The real winners and losers
Similar characteristics, and the same conservative approach to business, are the basis for the special relationship that has formed between Wertheimer and Warren Buffett - this is what has allowed the Iscar deal to move along so quickly and so efficiently.
The two are both nonconformists who have little interest in what is fashionable or what everyone else is doing. They don't like the stock market, or the brokers, and certainly not the sophisticated financial world. They believe in old fashioned values: entrepreneurship and hard work.
Eitan manages Iscar in the "kitchen" style. In other words he believes in informal meetings over a cup of coffee in the corridor. That is where the important decisions are made - without paperwork or bureaucracy. Iscar has not had a formal board meeting for 15 years.
Buffett manages an enormous company from Omaha with only 16 employees in his office. He has a small office and drives his own car down the street to eat a hamburger for lunch.
The Koor conglomerate in the 1980s had an administration of 400 people, fancy offices in the center of Tel Aviv - until it collapsed.
The personal, human touch in business is important, and as of today no one can argue with that. It turns out that character and culture do determine things. They have brought together the the conservative culture of the U.S. Midwest with the hardworking culture of the yekkes from Nahariya.
After all the nice talk about developing the Galilee, and the vote of confidence in the Israeli economy, we should also take a look at the tax issues which were so important in doing the deal. After all, no one likes to pay taxes, even if he is a billionaire.
Last year the Knesset passed a new version of the Capital Investment Encouragement Law. the law is neither egalitarian nor transparent, and it has cross subsidization - as well as two particularly bad methods for giving grants. One is the "Ireland track" and the other is called the "strategic track."
The head of the Israel Tax Authority (ITA), Jackie Matza, thinks that Buffett's investment will not qualify for the strategic track, and therefore will not receive an exemption from taxes on the profits resulting from Iscar's present operations.
What Iscar will get is a tax exemption for 10 years on all future growth for the company - no small benefit.

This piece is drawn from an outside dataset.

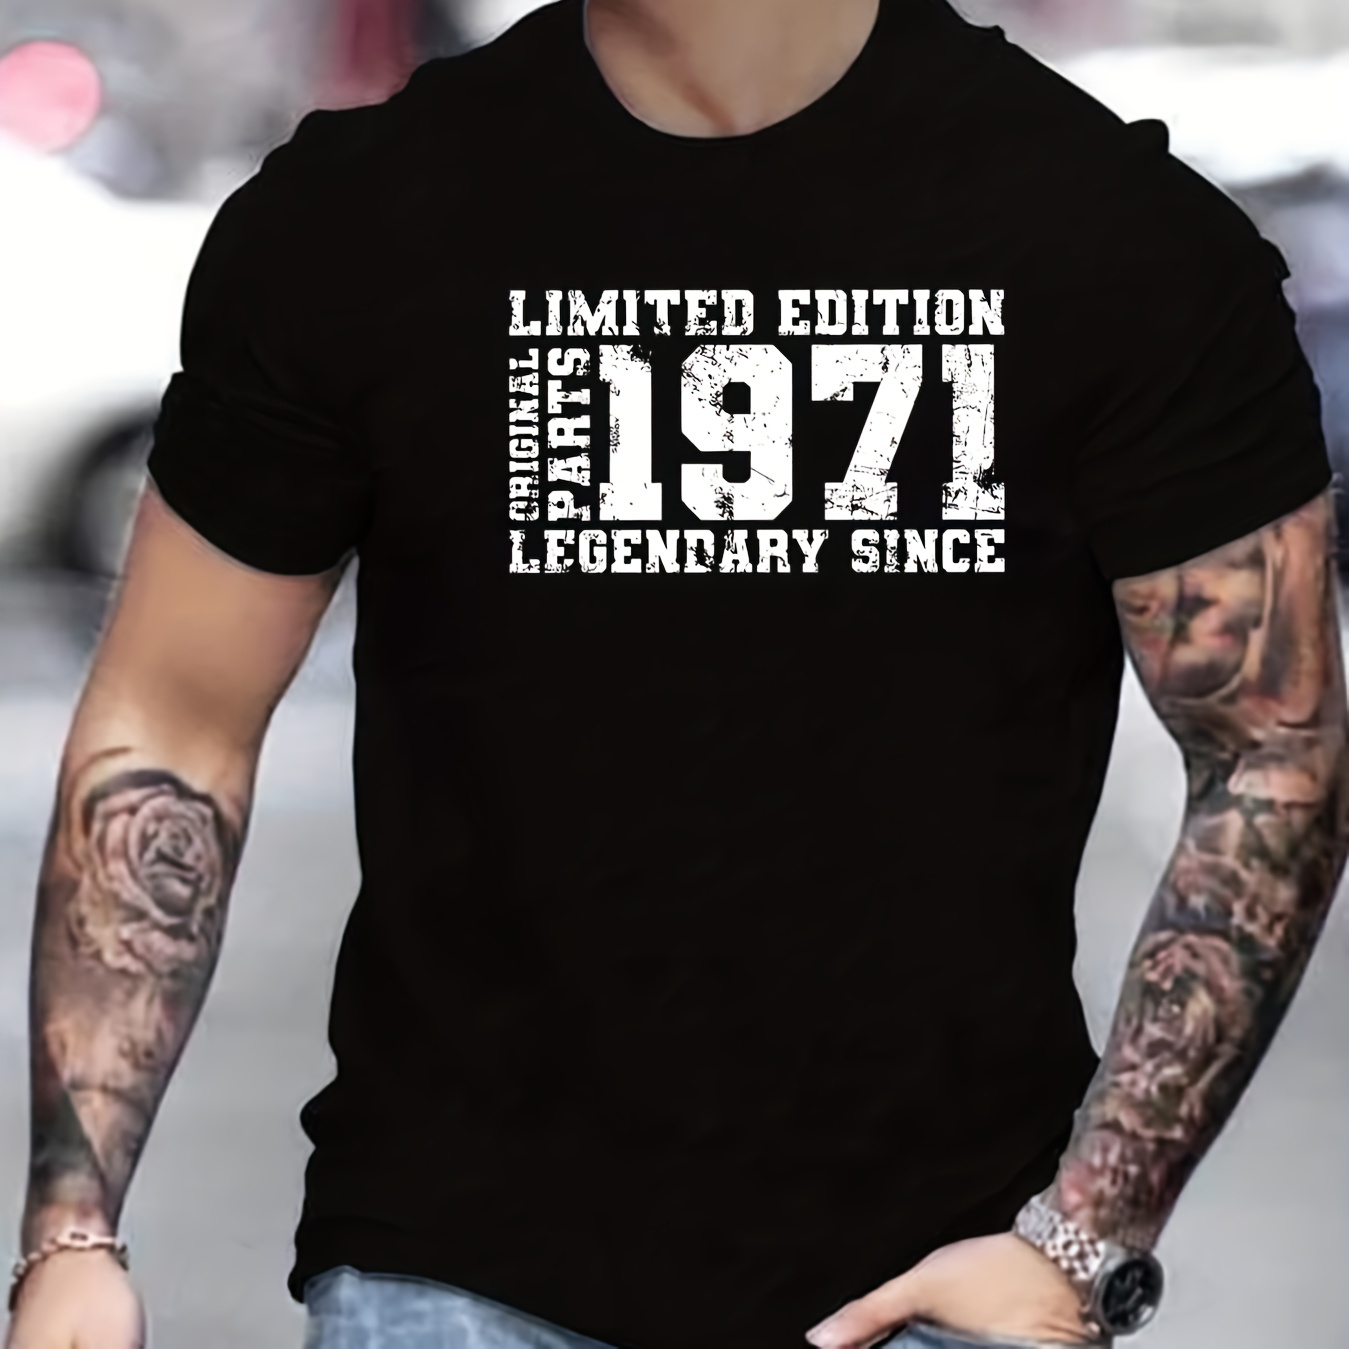 

Limited 1971 Edition" Letters Print Casual Crew Neck Short Sleeve Tops For Men, Quick-drying Comfy Casual Summer T-shirt For Daily Wear Work Out And Vacation Resorts

First of all, the process of determining the tax status for the deal is not over yet. Second, Wertheimer and Buffett have a direct line to Prime Minister Ehud Olmert. They knew what they were doing in involving Olmert in the deal, and even gave him credit - and in public - for his help and support. It certainly did not hurt that Olmert's right hand man, the director general of the Industry and Trade Ministry at the time, and now director general of the Prime Minster's Office, Raanan Dinur, spoke directly to the head of the Investment Center, the head of the tax authority, and the director general of the treasury - on the subject of the effects of the tax laws and the Investment Encouragement Law on the deal.
Here lies the real issue. Because of the investment laws, Iscar pays almost no taxes today. That is how the company has managed to achieve an amazing 30-percent profit margin on sales.
That is infuriating, since in a country where the social and wage gaps are so large, where the state budget is breaking under its excessive number of various tasks and goals - it is unacceptable to give a tax exemption to such a profitable firm.
After a certain point, from the time the company establishes itself and starts to make money, the state should no longer provide any more help. Remember that any tax benefits - of any type - means raising the tax burden on the rest of the taxpayers. That includes the middle and lower classes, who are already suffering.
Until 1997 Discount Investments owned 25 percent of Iscar. But then something happened - and there was serious bad blood, even threats between the Wertheimer family and Discount over the issue of publishing Iscar's financial results.
Wertheimer did not want anything reported at all, but Discount went ahead and published something. Wertheimer was furious and forced Discount to sell its stake back to the family.
It did not matter that Discount was the one who saved Iscar in its early days when it invested in the company and helped it develop.
But in 1997 Discount was no longer needed. So it found itself on the outside.
Discount Investments received $200 million for its share. Today that would have been worth $1.25 billion.